Wednesday, July 1, 2009
VC-backed M&As down in Q2
By Mass High Tech staff
The second quarter closed with the public stock markets posting their best quarter since 2003, while venture capital-backed startup investors saw the opposite story — one of the worst quarters in six years, according to newly released data.
Overall investor cashouts from VC-backed companies dropped 57 percent nationally, according to Dow Jones VentureSource, despite a slight opening of the window for initial public offerings.
Despite this morning’s news of the $107 million raised through an IPO by LogMeIn Inc. , New England’s VC-backed companies were poorly represented among the quarter’s top M&A and IPO deals. Just one Massachusetts company was among the top M&A deals — Network communications equipment maker Acme Packet Inc.’s purchase of privately held Maynard-based Covergence Inc. in April for $22.8 million.
Nationally, VC investors raised just $2.57 billion from the mergers or acquisitions of 67 portfolio companies in the second quarter, a 60 percent decline from last year’s second quarter and the lowest number of deals since 1999, VentureSource reported.
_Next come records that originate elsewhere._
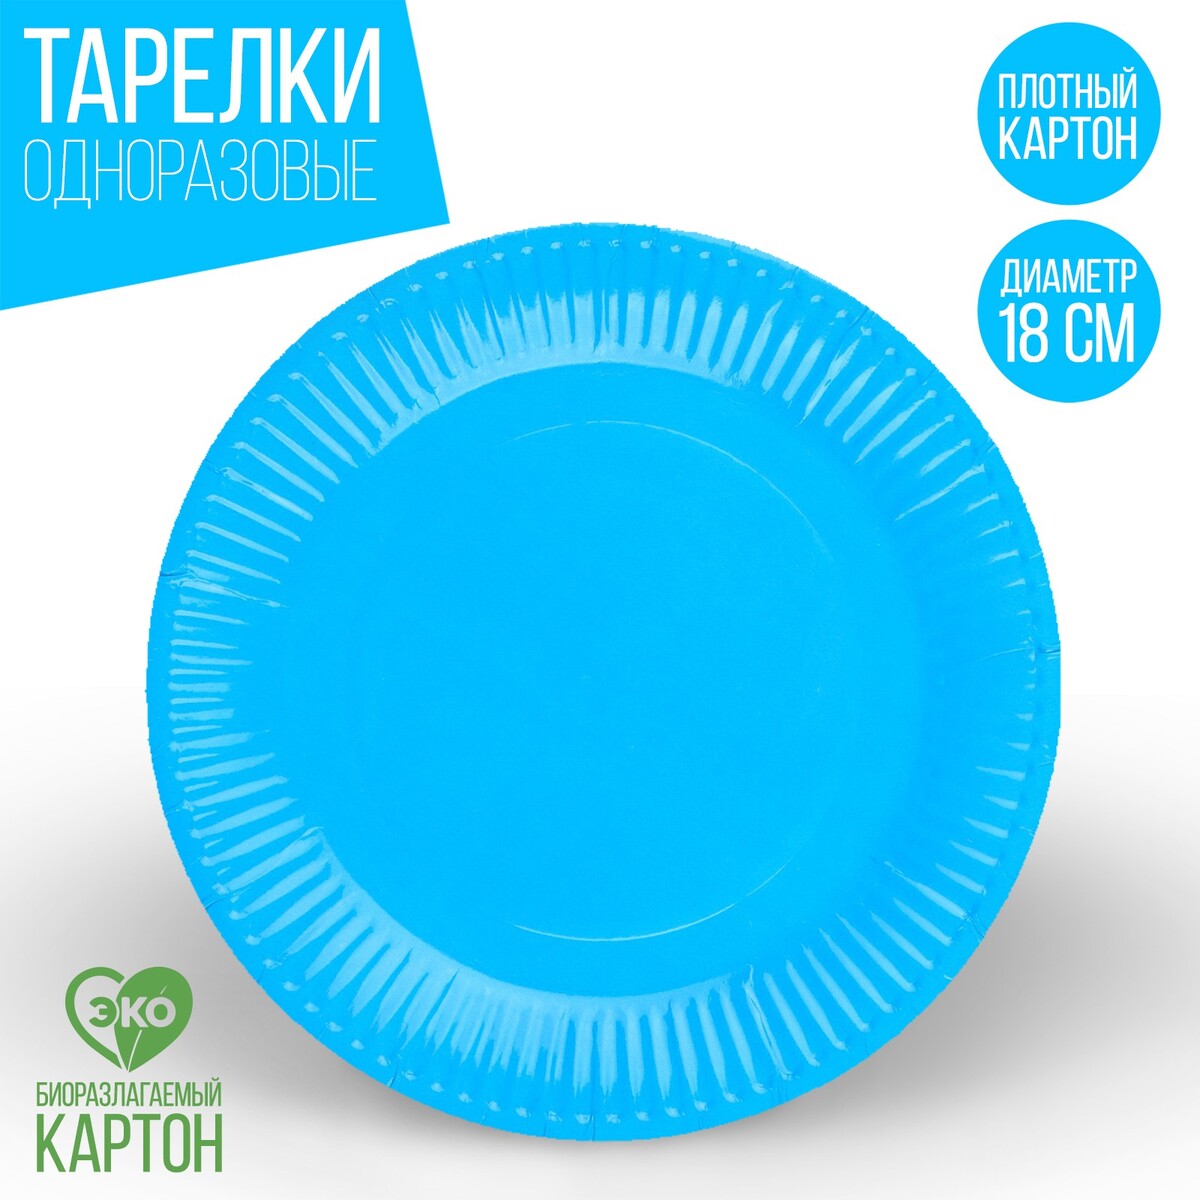 Тарелка одноразовая бумажная однотонная, голубой цвет 18 см, набор 10 штук бумажная растушёвка сонет 8 штук
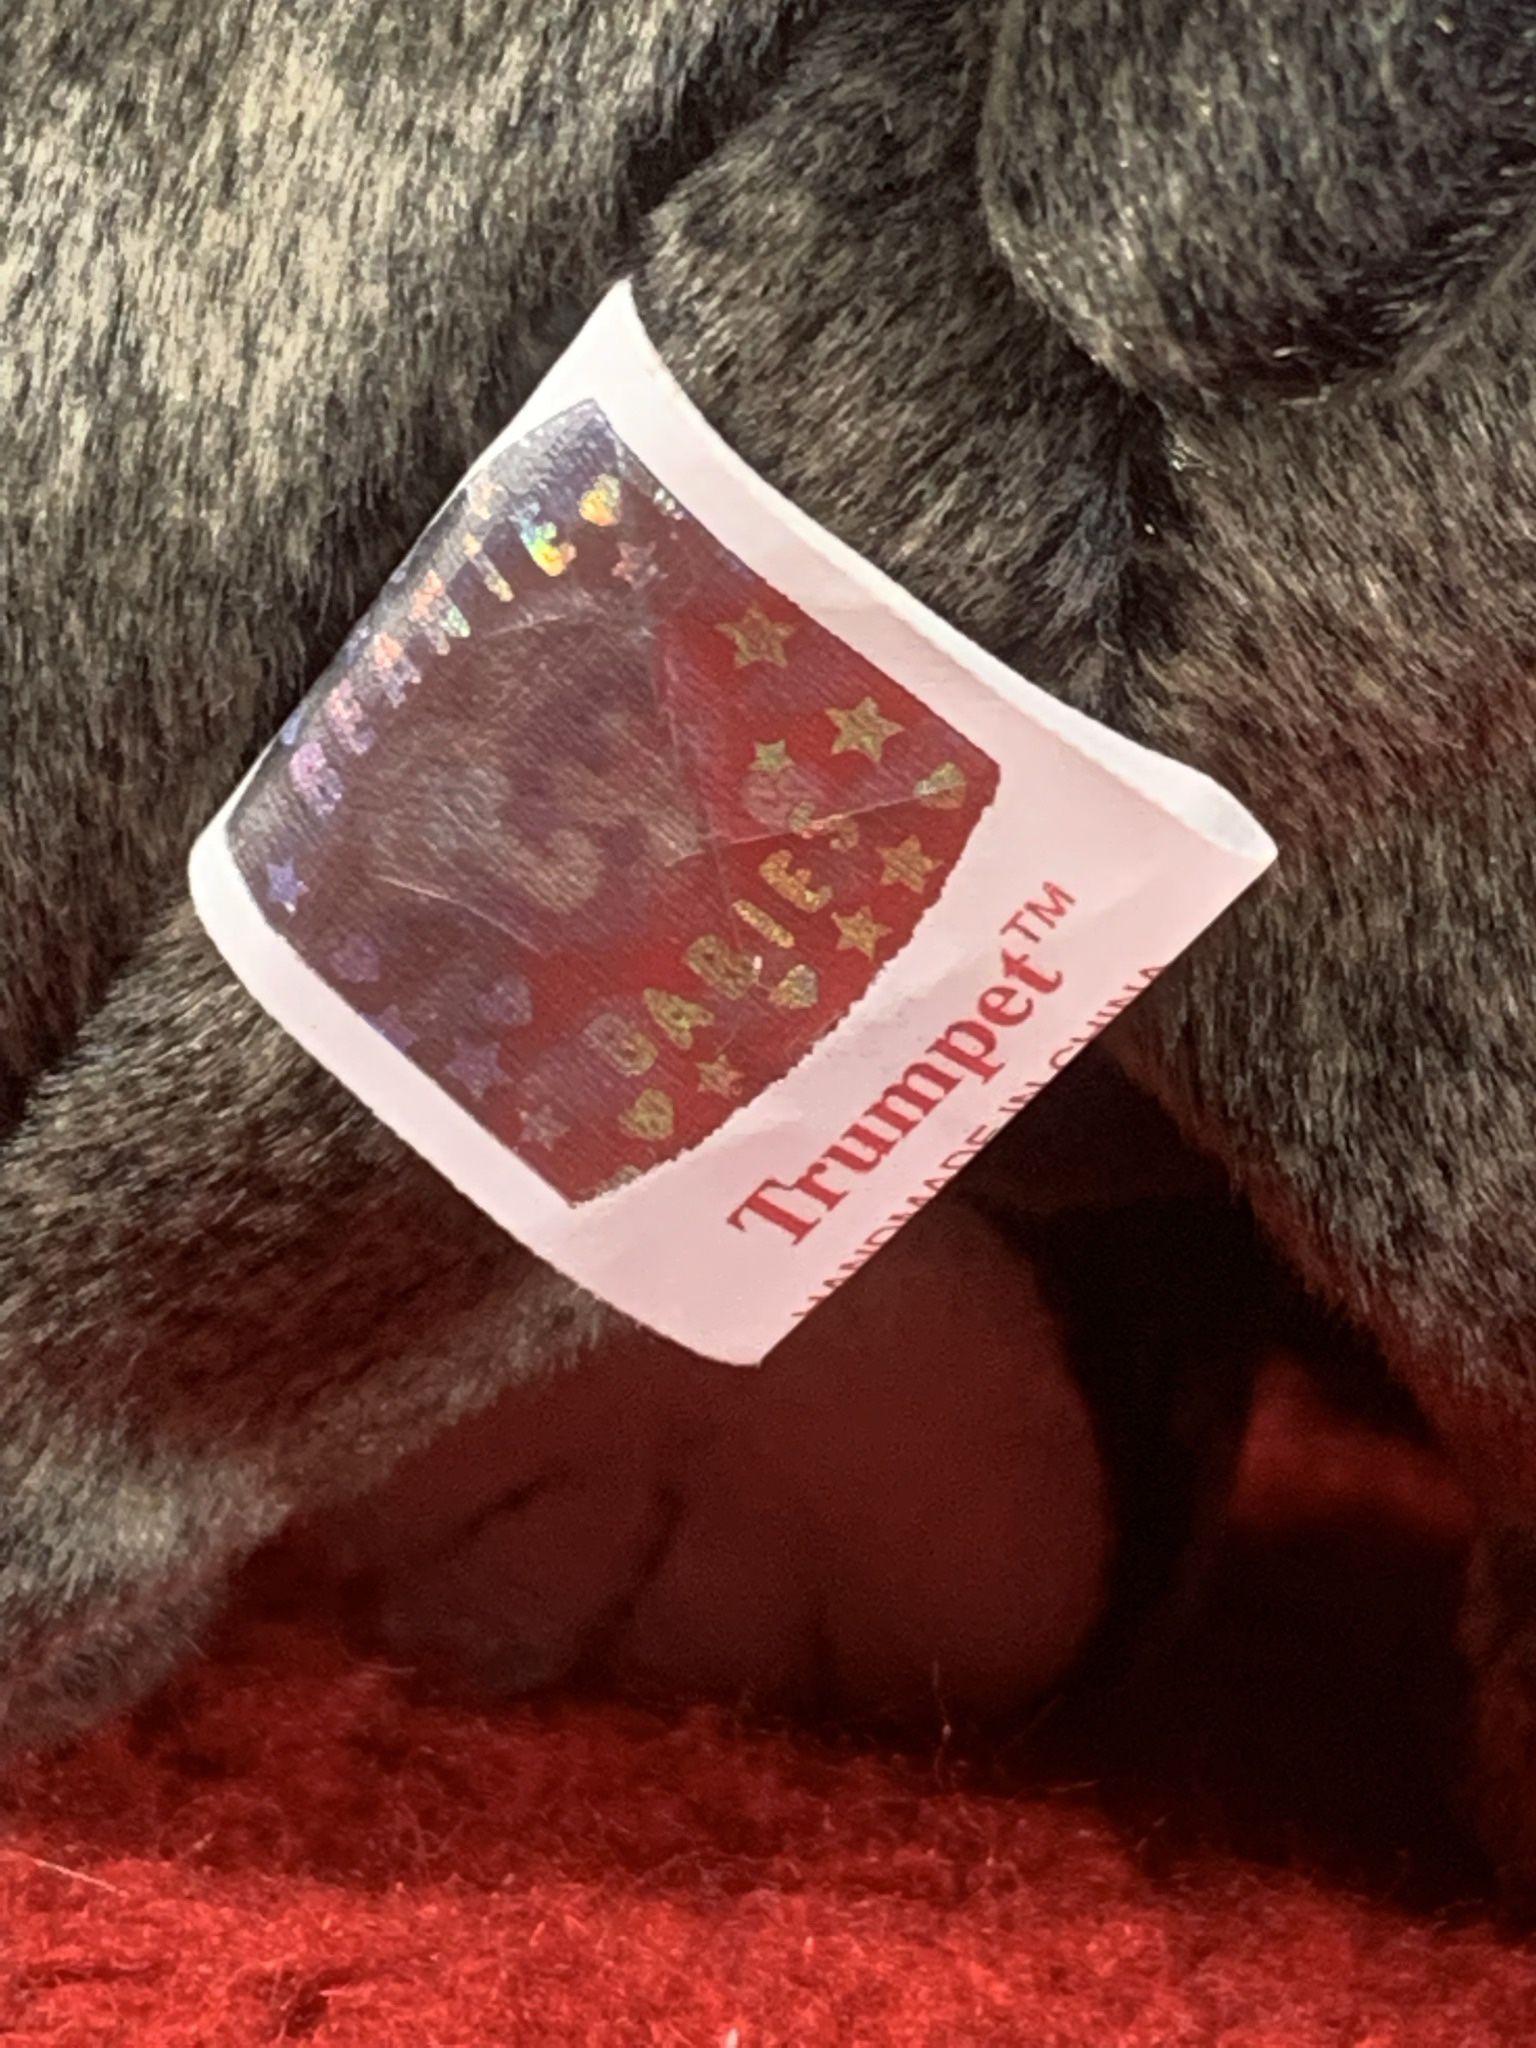 TY Beanie Baby - TRUMPET the Elephant (8.5 inch) - MWMTs Stuffed Animal Toy
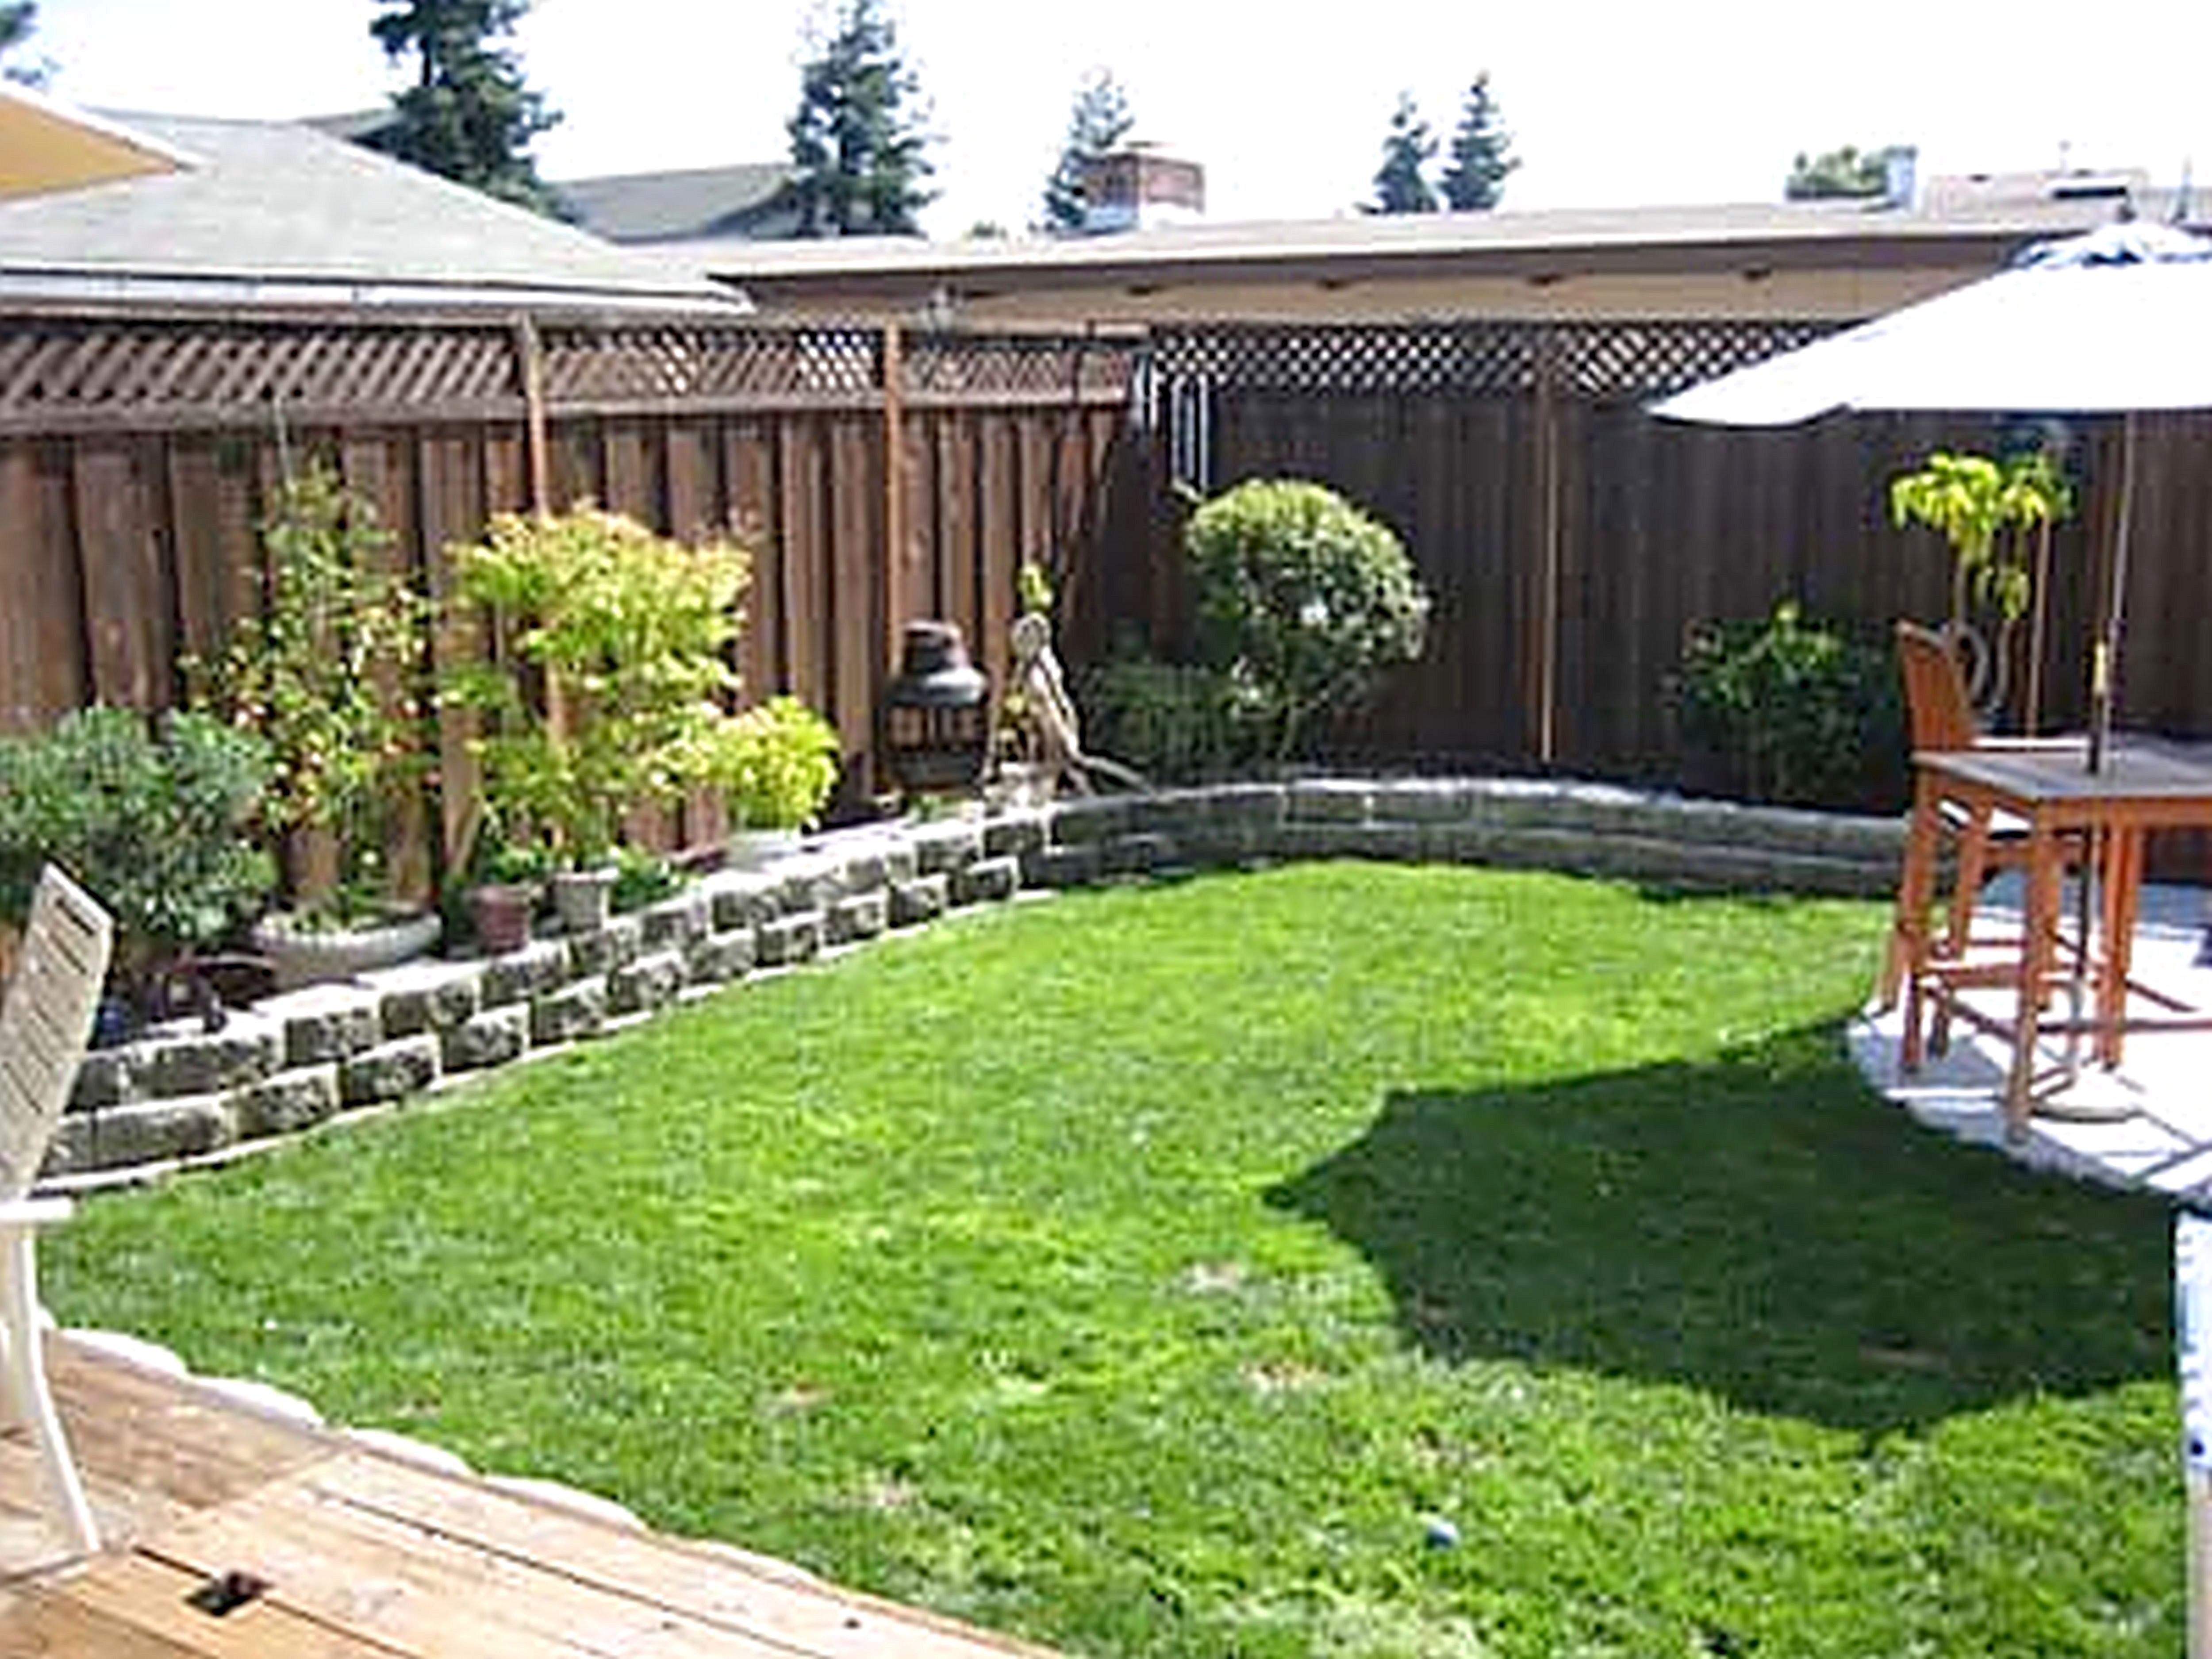 A Budget Large Backyard Landscaping

What’s worse, with IPOs continuing to be a difficult avenue for VC investors to generate strong returns, M&A deal values are also trending downward. According to VentureSource, the overall median amount paid for a VC-backed company in the second quarter of 2009 was just under $22 million — a 46 percent drop from the nearly $41 million median deal value reported in the year-earlier quarter.
The deals themselves came quicker, however — with the median amount of time for portfolio companies to reach liquidity via M&A reported to be 4.5 years, or 25 percent faster than the 6-year median in the second quarter of 2008. VC-backed portfolio companies nationally also raised 30 percent less than the median amount reported a year ago: $16.3 million worth of venture capital raised compared with a $23.4 million median amount in the year-earlier quarter.
In the first quarter, VC deals in Massachusetts and New England dropped another 16 percent from the year earlier — which itself had been off 40 percent from first-quarter 2007.
New England totaled just 61 VC deals in first-quarter 2009 for a value of $594 million, according to Dow Jones VentureSource. It was the lowest first-quarter investment total since 1998, when local financings reached $439 million.